Minuscule 680
- Text: New Testament
- Date: 14th century
- Script: Greek
- Now at: Yale University Library
- Size: 17 cm by 13 cm
- Type: Byzantine text-type
- Category: V

= Minuscule 680 =

Greek minuscule manuscript

Minuscule 680 (in the Gregory-Aland numbering), δ 103 (von Soden), is a Greek minuscule manuscript of the New Testament, on parchment. Palaeographically it has been assigned to the 14th century. The manuscript has complex contents. Scrivener labelled it by 531^{e}, 199^{a}, 231^{p}, 104^{r}.

== Description ==

The codex contains entire of the New Testament, on 190 parchment leaves (size ). The text is written in two columns per page, 41-52 lines per page, in very small letters. The letters are so minute as to require a magnifying glass. The manuscript was written by several different hands.

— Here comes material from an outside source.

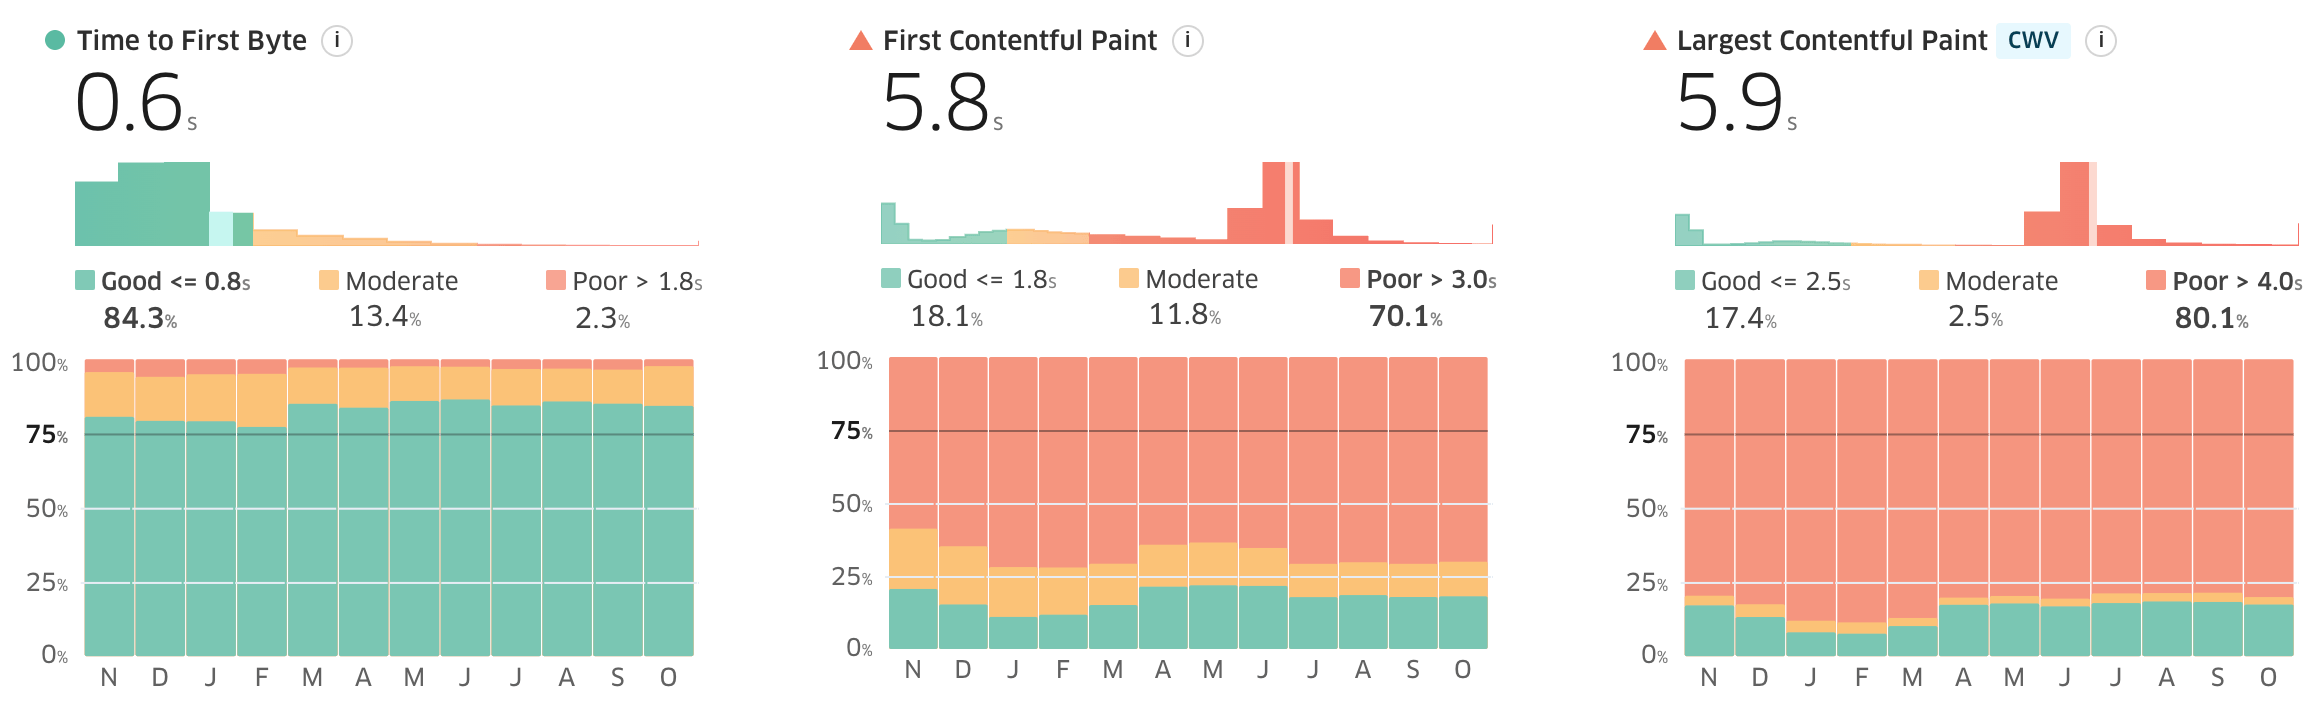 Screenshot from treo.sh/sitespeed that shows First Contentful Paint being almost equal to Largest Contenful Paint.
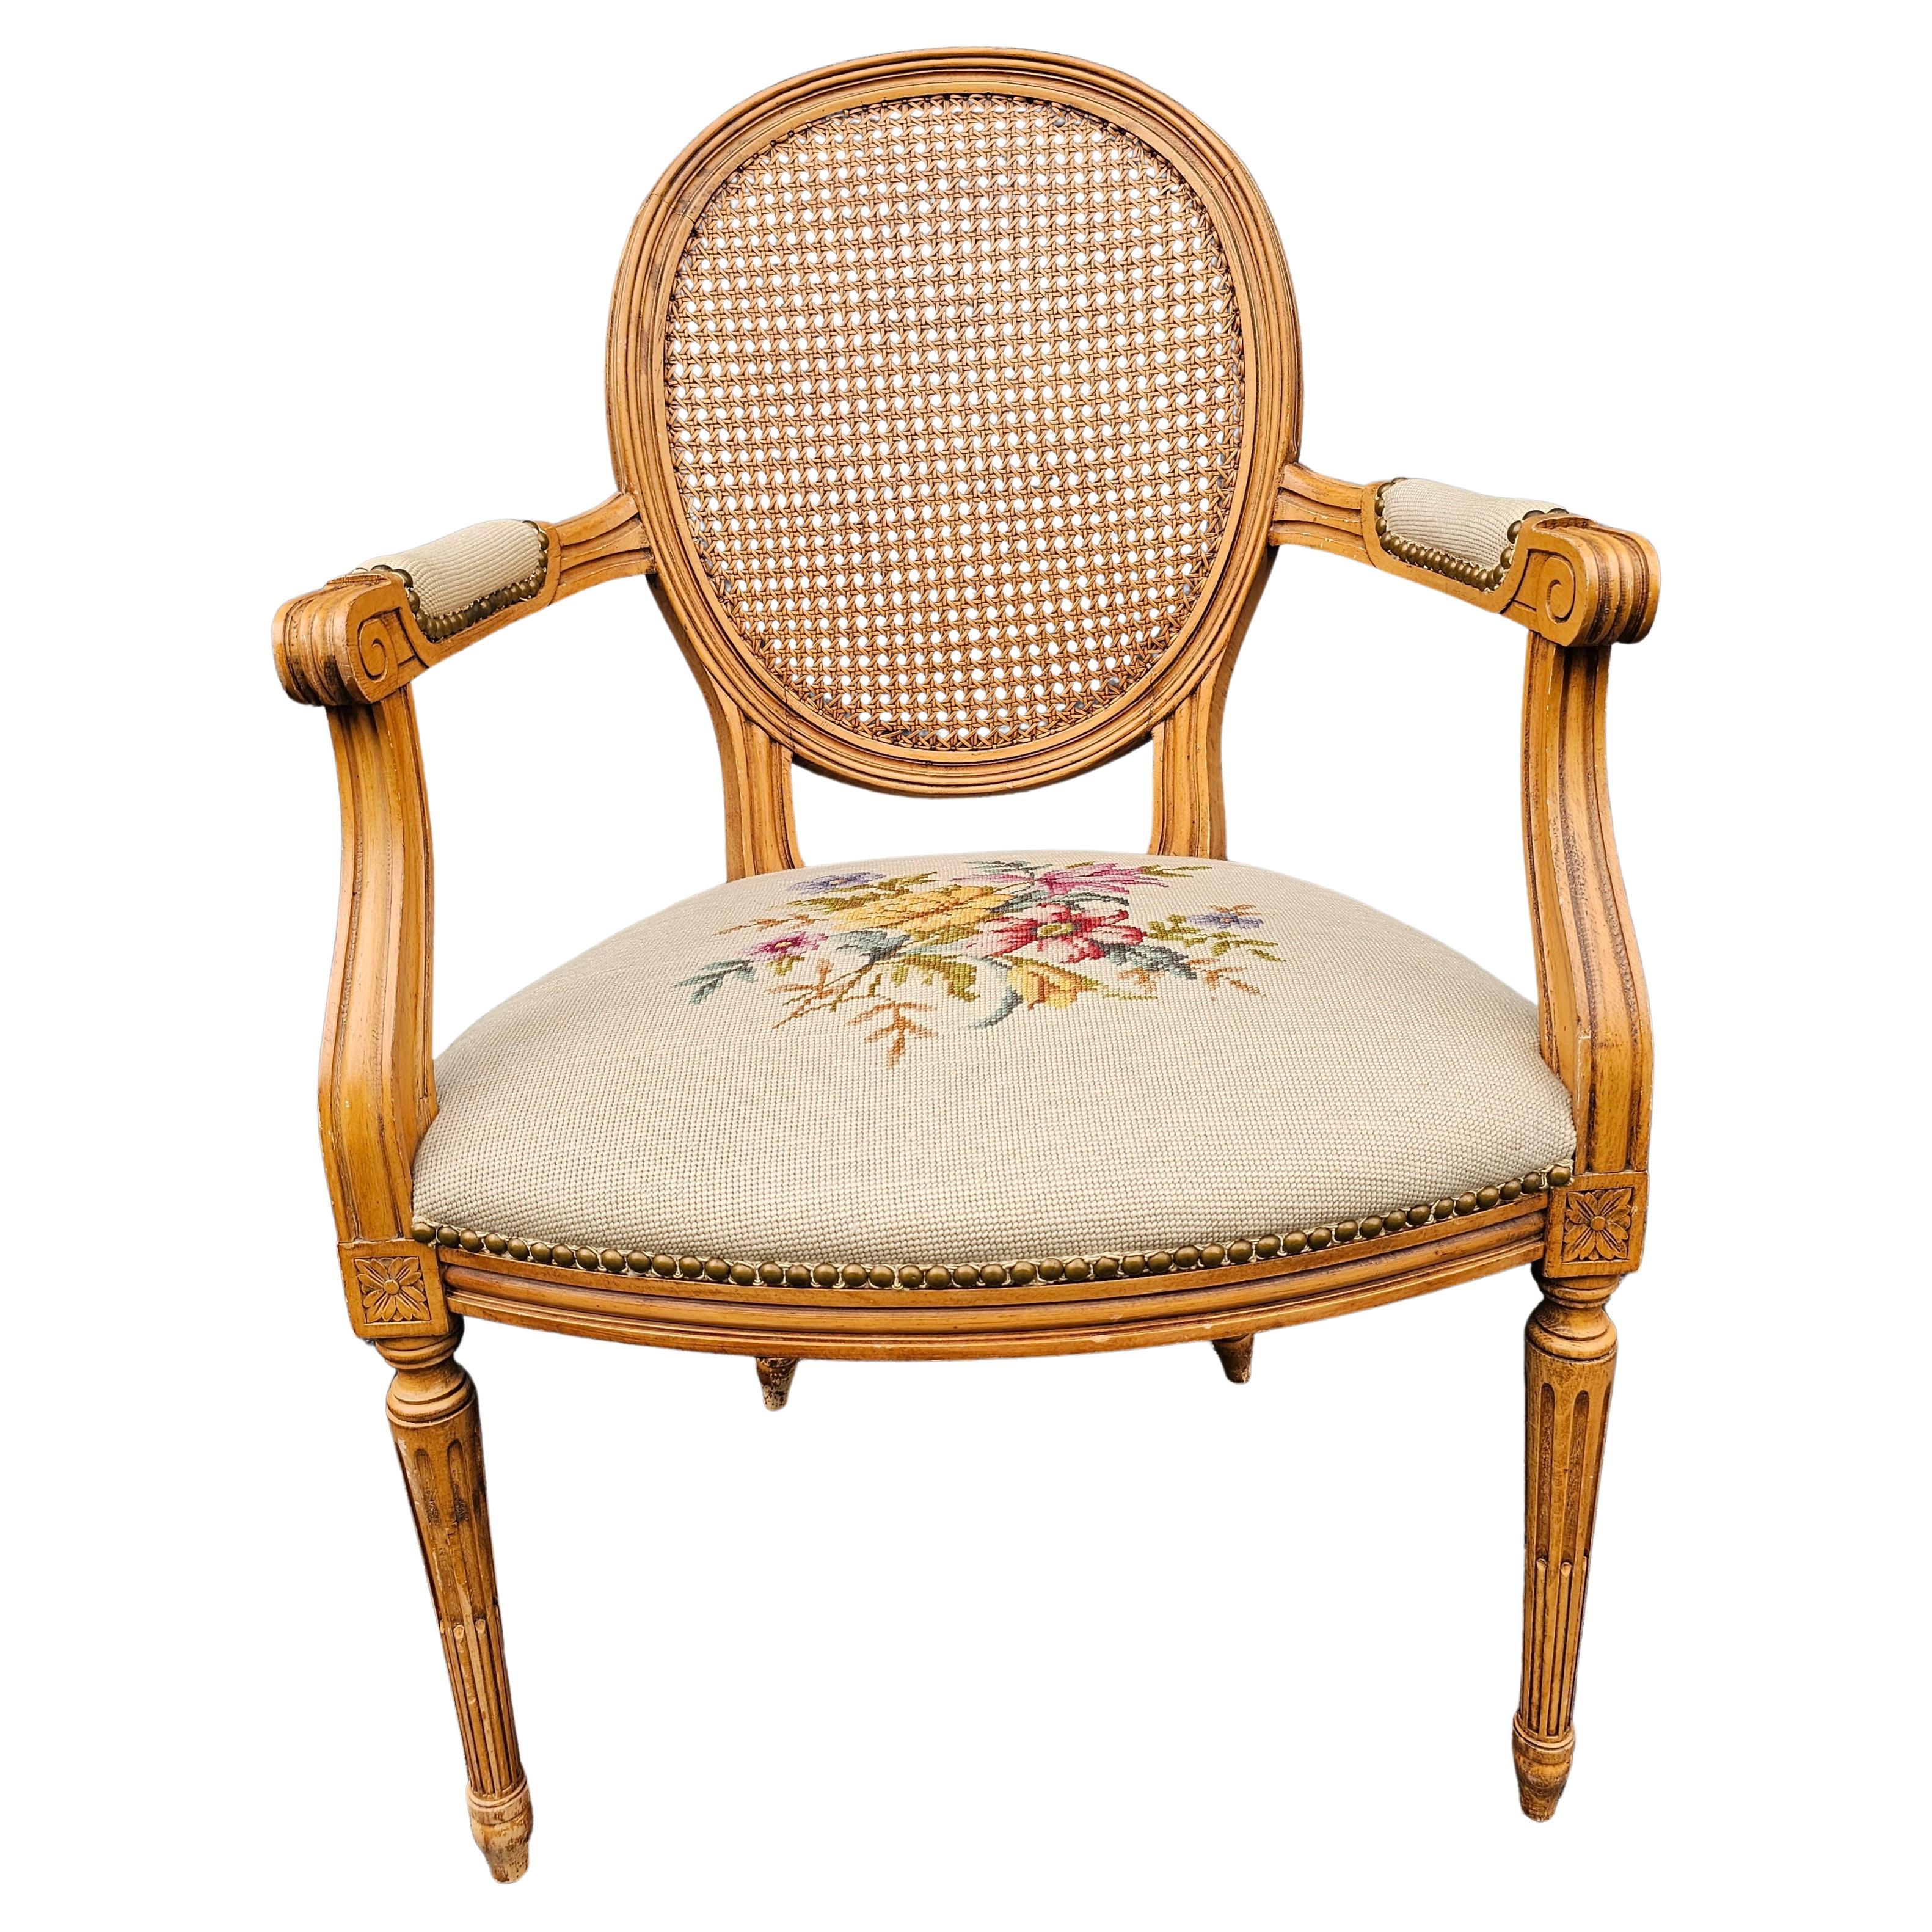 Louis XVI Style Fruitwood, Needlepoint Upholstered Seat And Caned Back Fauteuil For Sale

It contains the Epistula ad Carpianum, Prolegomena, and the Eusebian Canon tables. The text is divided according to the κεφαλαια (chapters) in Greek and Latin, whose numerals are given at the margin, and their τιτλοι (titles) at the top. There is also a division according to the Ammonian Sections, references to the Eusebian Canons at the end of Matthew. It contains lectionary markings, and subscriptions. There are many corrections were made in the margin.

According to Scrivener "this copy has very appearance of having been made from a very ancient codex" (arrangement of the Beatitudes in Matthew 5 in single line, as also the genealogy in Luke 3).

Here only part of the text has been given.